Plagiarism/similarity: The risk that the generated output is too similar to an existing song must be managed.
Transparency: Discussion is under way toward indicating that audio is generated or watermarking it.

Separate from technical performance, these issues are a key constraint on commercialization and a subject of social debate.

Strengths

Accessibility: You can quickly create music, sound effects, and audio with text alone.
Modularity: The codec, generation backbone, and vocoder are separated, making it easy to replace and improve components.
Improved controllability: Melody, chord, and reference audio conditions have made musical control possible.
Efficiency: Thanks to the discrete tokenization of neural codecs, even long audio has become easier to handle.

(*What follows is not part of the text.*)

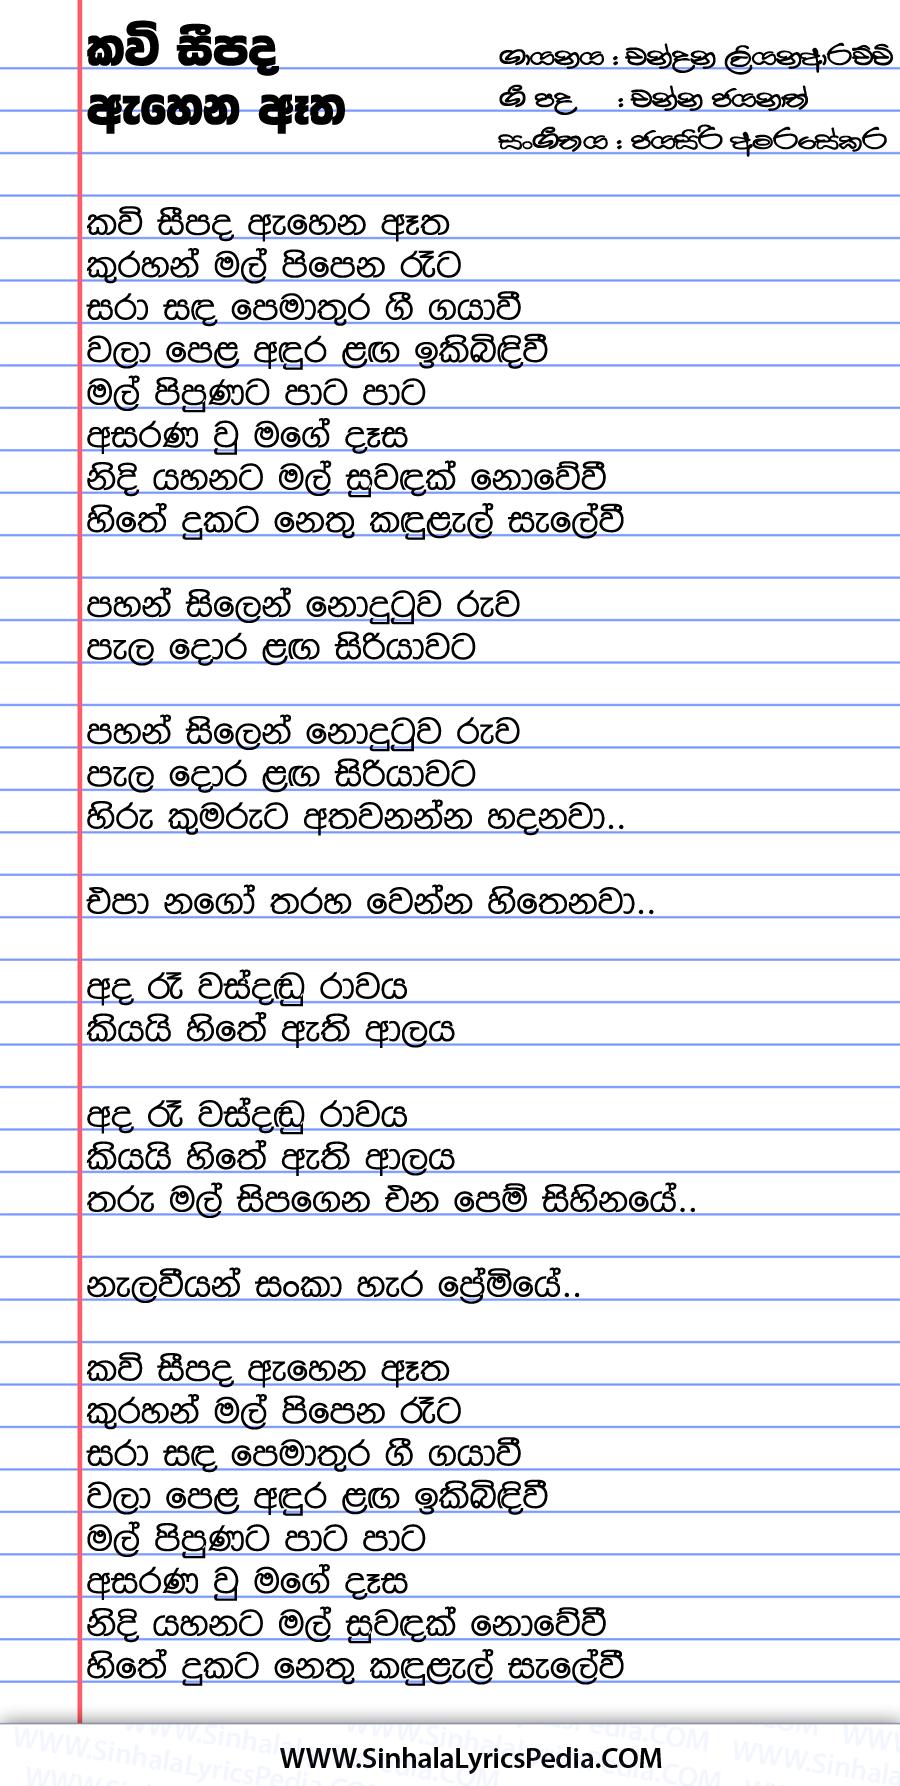 Kavi Seepada Ahena Rata Song Lyrics

Limitations and Open Problems

Long-term structure: A coherent composition of the whole piece (intro-development-chorus, etc.) is still difficult.
Fine quality: The human ear is sensitive to minute distortion, so artifacts are easily revealed.
Absence of evaluation standards: There is a lack of reliable metrics to quantify musical appeal.
Copyright/ethics: The data, imitation, and transparency issues discussed earlier remain large.
Control precision: Control that precisely specifies a particular instrument, beat, or emotion is still developing.

Practical Implications

It is powerful for fast prototyping, but a copyright and license review is essential for commercial use.
If precise control is needed, it is better to also provide structural conditions such as melody and chords.
Autoregression and diffusion have situation-dependent trade-offs, so it is safer to compare them directly for the target use case.

Conclusion

The common foundation of SOTA music and audio generation can be summarized as "neural codec tokenization + autoregressive or diffusion generation + text/melody conditioning." EnCodec/SoundStream laid the bridge of representation, AudioLM/MusicGen opened language-model-style generation, and the diffusion family offered a parallel alternative. The rankings and details of commercial services change quickly, but understanding these principles lets you rapidly grasp the structure of new models.